Thickening of plantar fascia can influence biomechanical foot function in diabetes. Dynamic forefoot pressures were found to be significantly higher in diabetic patients with thicker plantar fascia than in diabetic and healthy control subjects with thinner plantar fascia (D’Ambrogi et al. 2003; Giacomozzi et al. 2005). Additionally, a significant correlation (r  =  0.52) was found between fascia thickness and forefoot pressure in these patients. This association may be explained by the role plantar fascia plays in countering the flattening of the foot during mid-stance of gait. The vertical forces acting on the forefoot during arch flattening are countered by horizontal forces generated in passive structures such as the plantar fascia, which try to tie the forefoot and rearfoot together. With fascia thickening, resistance increases, meaning that larger vertical forces measured as higher pressures are required at the forefoot in order to flatten the foot during stance.

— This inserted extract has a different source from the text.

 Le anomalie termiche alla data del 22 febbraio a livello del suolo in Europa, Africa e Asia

In patients with Charcot’s neuroarthropathy, plantar fascia dysfunction or rupture may be indicated, based on a negative response to Jack’s test (Chuter & Payne 2001). Additionally, rupture of the plantar fascia has been suggested as a potential factor in the increased forefoot-to-rearfoot pressure ratio that is found in neuropathic diabetic patients when compared to healthy controls (Caselli et al. 2002). A suggested forefoot drop as a result of fascia rupture (Sharkey et al. 1999), may cause increased loading in the forefoot and explain these results. More research is required to improve our understanding of the role that the plantar fascia plays in altering biomechanical function of the foot in diabetes.

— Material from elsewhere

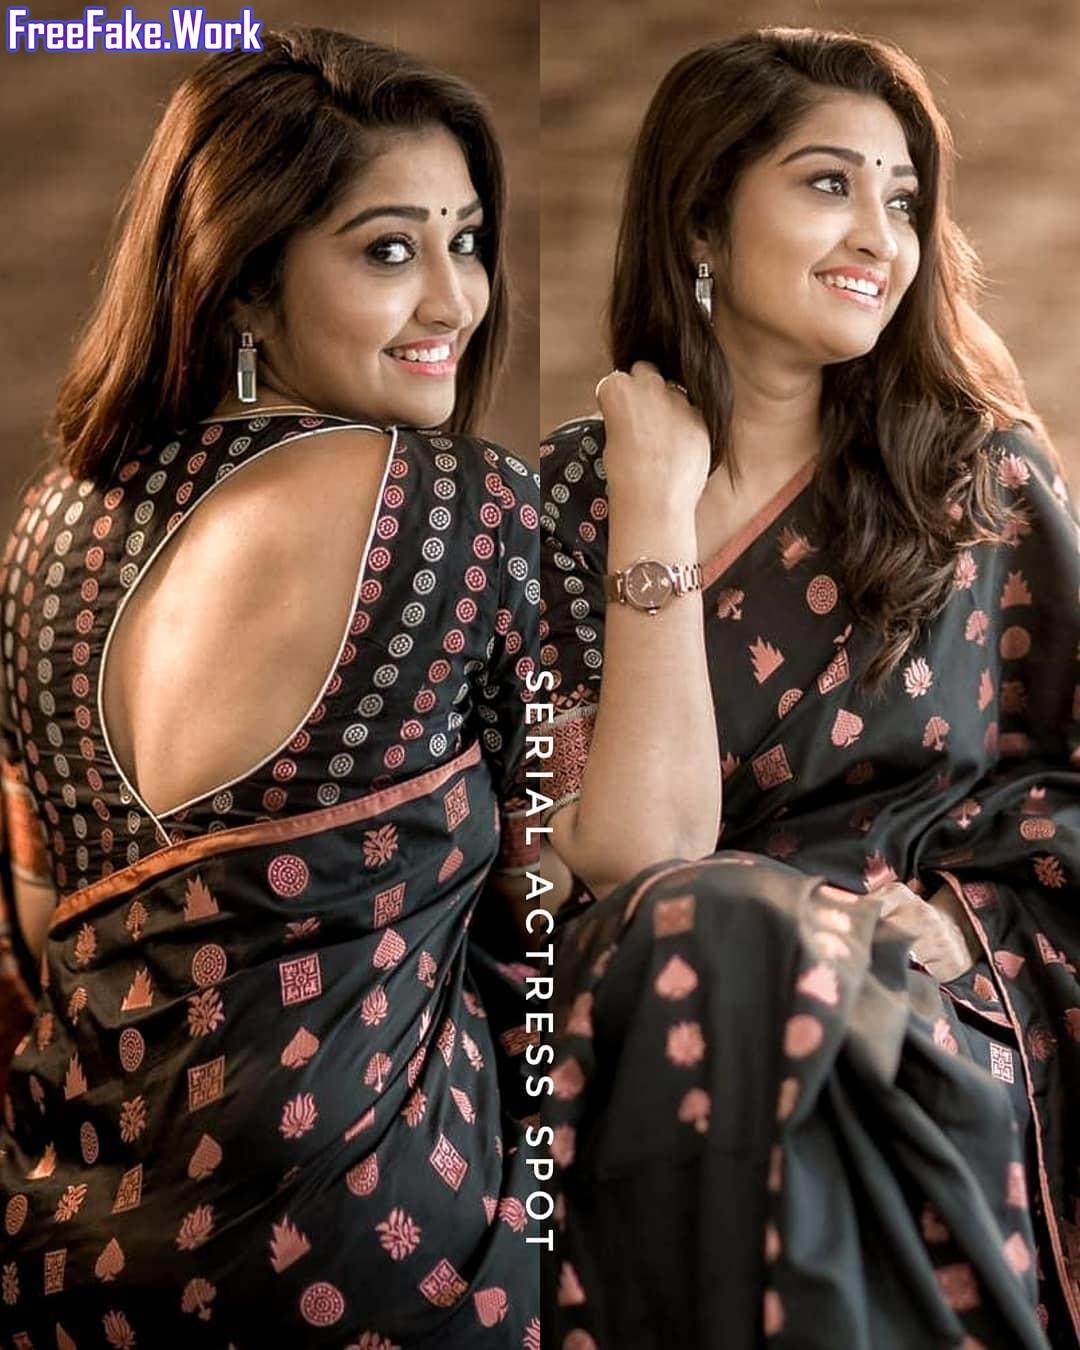 Neelima-Rani-open-blouse-sexy-saree.jpg

The clinical implications of structural changes in the plantar fascia in diabetic patients are not known. This may be the reason for the paucity of data on treatment options. Alterations in foot function associated with plantar fascia dysfunction may be indicative of its contributing role in foot ulceration in diabetic patients (Caselli et al. 2002; D’Ambrogi et al. 2003). However, direct assessments of this relationship have not been made to date.